# Nor Cal GTO owners??



## MonaroGuy06 (Feb 1, 2007)

Hey, I live in Hayward Cali and dont really know too many GOAT owners...wanted to see where they all meet up..Maybe hit up the race ways in San Jose or even Sacramento. Let me know


----------



## 707GTOLS2 (Aug 31, 2005)

Wsup man PM sent


----------



## ls2weber (Apr 21, 2007)

Man I'm in Sac and I have been trying to hook up with other GTO owners, I can't seem to find this club Nor-Cal Goats.


----------



## rtviper (Jan 31, 2007)

*Nor Cal Goats*

I am in Sac also (Folsom). I just went to my first GTG in Concord with Nor Cal.

Great fun, keep an eye on this and the LS1GTO forums. Met all the people that were there from Nor Cal. really great people and very knowledgable.

let me know if you want to get together sometime. Like I said, I am in Folsom.


----------



## tha joker (Feb 10, 2005)

yeah we are all over on ls1gto.com....... in the north west section....they is alot of us NOR-CAL-GOATS


----------



## ls2weber (Apr 21, 2007)

rtviper said:


> I am in Sac also (Folsom). I just went to my first GTG in Concord with Nor Cal.
> 
> Great fun, keep an eye on this and the LS1GTO forums. Met all the people that were there from Nor Cal. really great people and very knowledgable.
> 
> let me know if you want to get together sometime. Like I said, I am in Folsom.


Hey I'm in Orangevale let's hook up!!!


----------



## rtviper (Jan 31, 2007)

ls2weber said:


> Hey I'm in Orangevale let's hook up!!!


I'm into that.. Where ?


----------



## channelguy (Apr 19, 2007)

I'm interested. Previously had a Z06 and we would meet up a couple of times a year. I'm in Fremont and my '06 Lingenfelter Revenge will be in my hands by end of May.

KC


----------



## GT_Eater (Jun 11, 2007)

*Meeting at Jaspers*

There is a big meetup of Sacramento County Goats at Jaspers Restaurant in Rocklin this weekend on saturday June 16th at 6:00pm.


----------



## PDQ GTO (Jun 21, 2007)

I am in the East Bay (Danville) Only noticed 2 GTO's in town that I think are locals. Would love to hook-up with some East Bay folks... Rich



MonaroGuy06 said:


> Hey, I live in Hayward Cali and dont really know too many GOAT owners...wanted to see where they all meet up..Maybe hit up the race ways in San Jose or even Sacramento. Let me know


----------



## Verdoro 68 (Dec 27, 2005)

PDQ GTO said:


> I am in the East Bay (Danville) Only noticed 2 GTO's in town that I think are locals.

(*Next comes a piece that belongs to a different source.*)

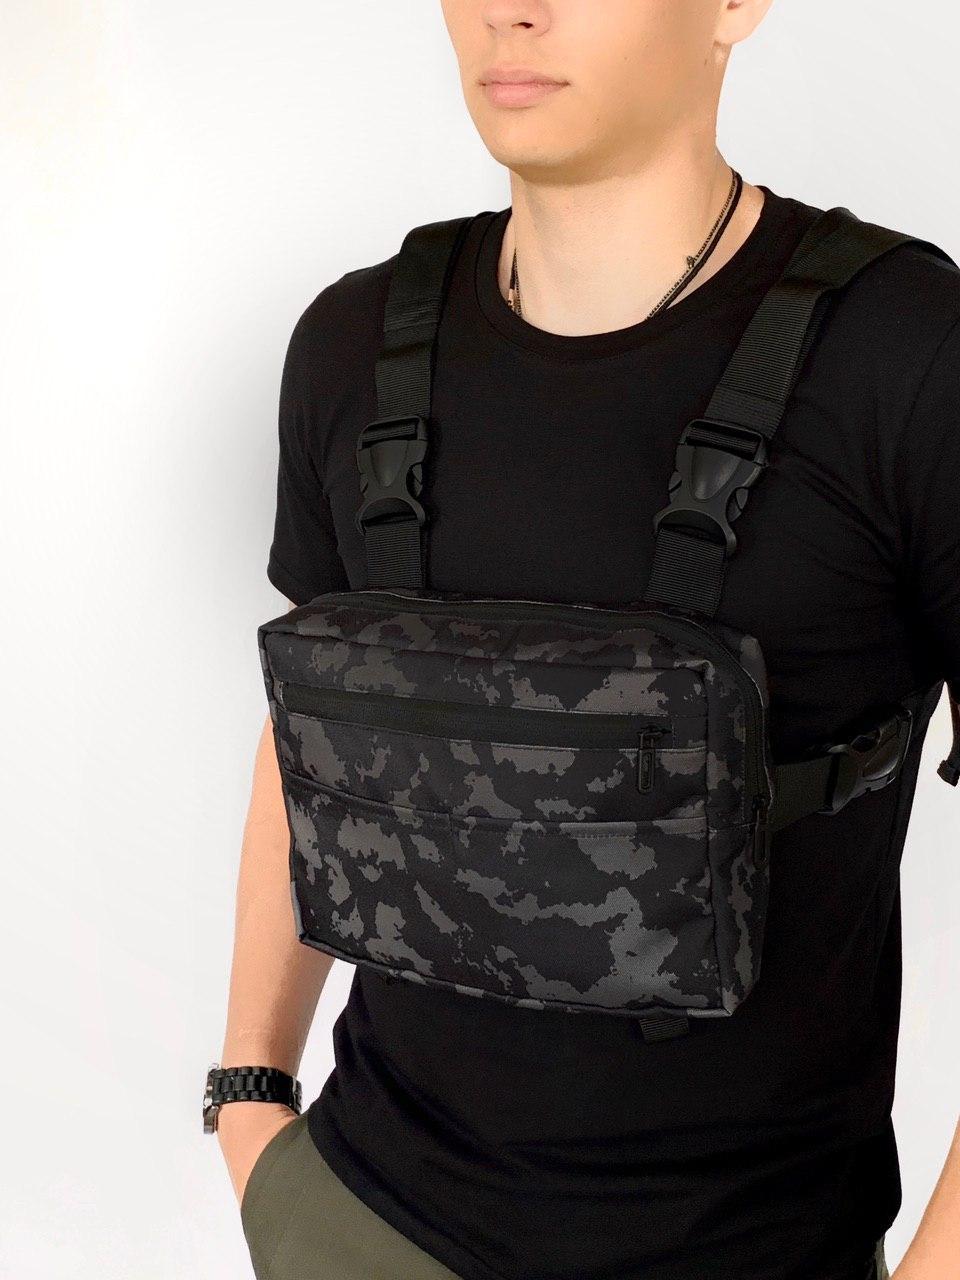 Нагрудная сумка Intruder Camouflage / Мужская Сумка барсетка камуфляж

Would love to hook-up with some East Bay folks... Rich


Come on up to Advanced Dyno in Suisun City this Saturday. There's a dyno day from 10-4. Pretty much all of the regular Bay Area Goats will be there.

Other than that, we used to do Friday night get togethers up in Fairfield but there hasn't been any this year. For the most part we've been meeting at Sac Raceway, Infineon, Advanced Dyno or an occasional dinner out.

There's going to be another big GTO event in September at Lehmer's in Concord. Actually, it's going to be a two day event. One day will be autocrossing the second will be a car show/wrenching/suspension tech.

Take a look in the Northwest section of ls1gto.com, that's where most of the guys post.


----------



## PIL SUNG! (Jun 7, 2007)

Where can I find more info about the September gathering at Lehmer's Concord Pontiac?:confused


----------